2.1 Study Samples
From April to May, 2020, general practitioners from primary medical institutions in Jiangsu Province were investigated. Located in southeast coast of China, Jiangsu province has the second highest GDP among all the provinces in mainland China. Jiangsu province has 13 cities [19, 20]. In recent years, Jiangsu province has attached great importance to the establishment of the general practitioner system and issued various documents on the incentive mechanism of general practitioners for many times.
In the design of the study, logistic regression was intended to use to analyze the incentive effect, so the sample size was determined to be about 50 times of the independent variable, thus 900 general practitioners working in primary medical institutions in Jiangsu province were expected to be investigated [21]. From April to May 2020, 10 primary medical institutions were randomly selected from each of the 13 cities divided into districts in Jiangsu Province to conduct a survey. The respondents were all general practitioners who had worked in the hospital for at least 1 year.
2.2 Variable Definition
The self-made questionnaire was used in this survey(questionnaire is shown in appendix). The measurement of incentive effect including job satisfaction, willingness to work hard and turnover intention. The indicator of incentive effect pays attention to general practitioners' own motivation feeling, avoiding the use of performance alone, which is easily affected by multiple factors. Job satisfaction was measured by Cammann job satisfaction Scale (5 questions, Cronbach’s a = 0.740). Willingness to work hard was measured by TRAAM scale (4 questions, Cronbach’s a = 0. 905), and turnover intention was measured by Mobley turnover intention scale (5 questions, Cronbach’s a = 0.822) [22–24]. The job satisfaction scale, willingness to work hard and turnover intention scale are all Richter five scales.

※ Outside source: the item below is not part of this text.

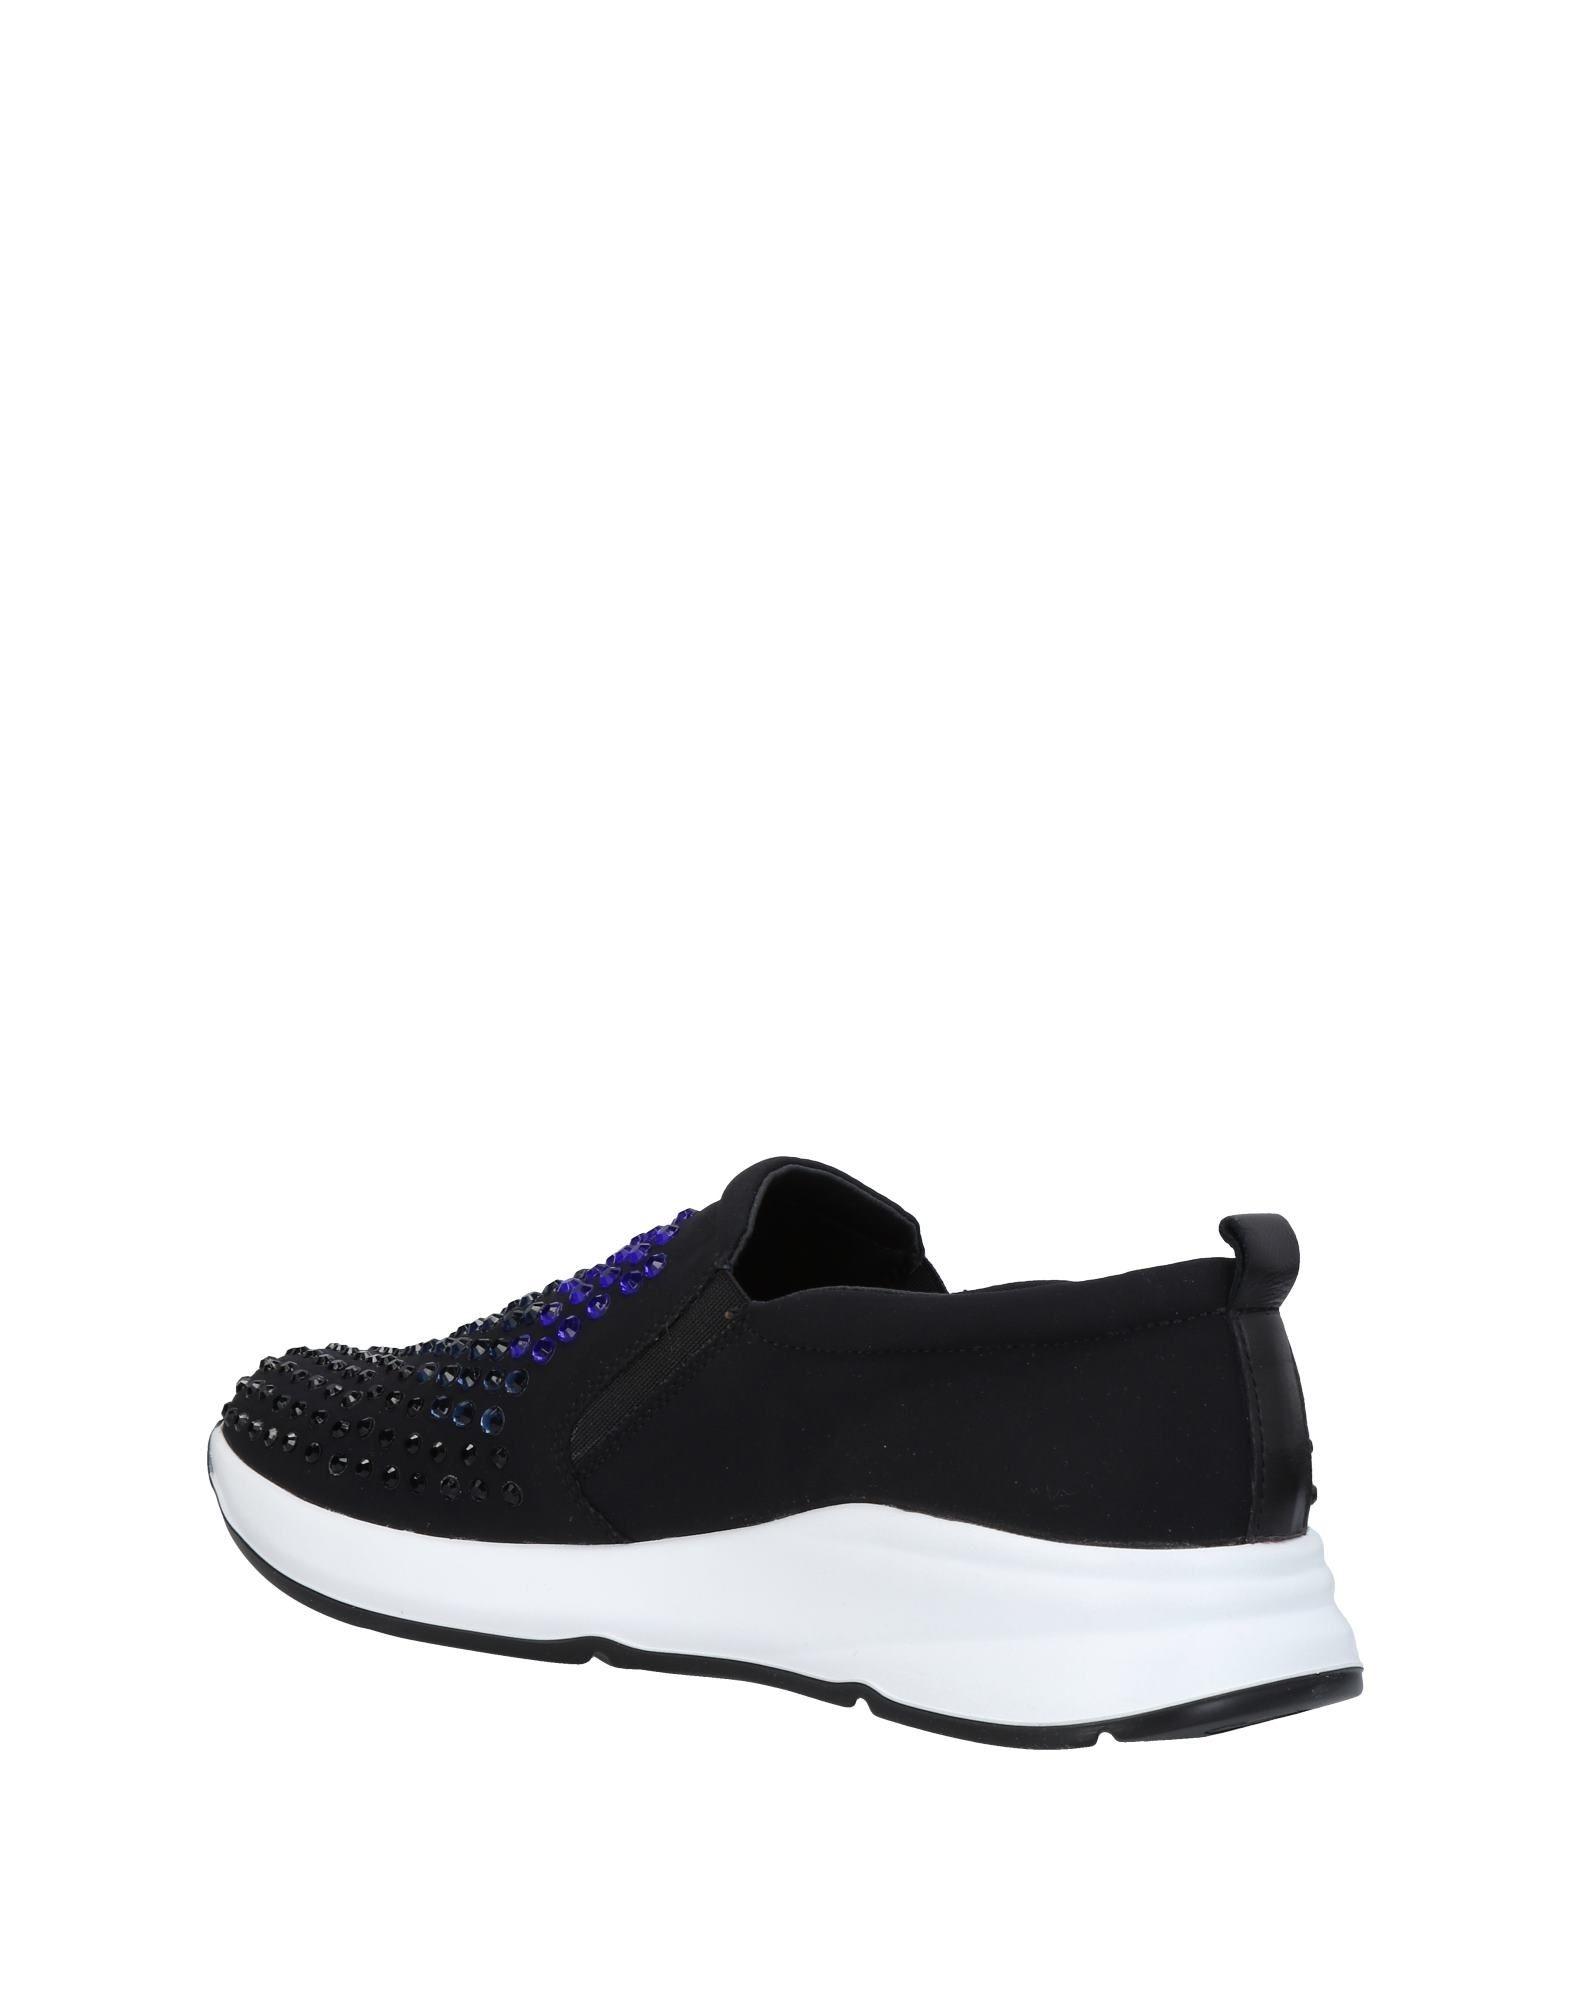 Tosca 11455300GE Blu Shoes Sneakers Damen  11455300GE Tosca Gute Qualität beliebte Schuhe dcda11

The overall incentive effect was measured from three dimensions: job satisfaction, willingness to work hard and turnover intention. The total Cronbach’s a of the incentive effect scale was 0.910.
The study assumed that factors that may influence the incentive effect include: age, gender, marital status, educational background, years of working as a general practitioner, average monthly income, weekly working hours, daily sleeping duration, and physical exercise frequency. Age is a continuous variable. We classified Gender as being either "male" or "female", marital status was classified as "unmarried", "married" or "widowed/divorced, etc.". Educational background was classified as "junior college", "Undergraduate", "Master" or "Doctor". The years of working as a general practitioner was classified as "5 years and below", "6–10 years", "11–20 years" or "21 years and above". Average monthly income was classified as "3,000 Chinese yuan and below", " 3,001–4,500 Chinese yuan ", " 4,501-6,000 Chinese yuan " or " 6,001 Chinese yuan and above". Weekly working hours was classified as "40 hours and below ", "40.1–45 hours", "45.1–50 hours" or "50.1 hours and above". Daily sleeping duration was classified as "6 hours or less", "6.1-7 hours", "7.1-8 hours" or "8.1 hours or more". Physical exercise frequency was classified as "once a month or no", "several times a month", "several times a week" or "every day".
2.3 Data Collection
We adopted the method of chance sampling, and the questionnaire was filled by electronic link. 7 general practitioners (130*7 = 910 general practitioners) were investigated in each hospital, and the number of rejected general practitioners was counted. A total of 837 valid questionnaires were recovered, with an effective recovery rate of 91.98%.
2.4 Statistical Analysis
After collecting the questionnaire data and recalculating the reverse scoring questions, the reliability of each dimension of incentive effect and incentive effect scale was calculated. Then, the scores of each dimension are calculated to calculate the average scores of job satisfaction (5 questions), willingness to work hard (4 questions), turnover intention (5 questions) and overall incentive effect (14 questions in total). The outcome variable with each mean score ≥ 3 points was defined as 1, and the outcome variable with < 3 points was defined as 0.
Independent variable, categorical variable was assigned, such as gender (female = 0, m = 1), marital status (single = 1, married = 2 widowed, divorced = 3). Rank variable such as educational background, years of working as a general practitioner, average monthly income, weekly working hours, daily sleeping duration, and physical exercise frequency coded in the order level.
After completion of coding, forward: LR method was used for binary logistic regression analysis. OR value and the 95% confidence interval between OR value was calculated.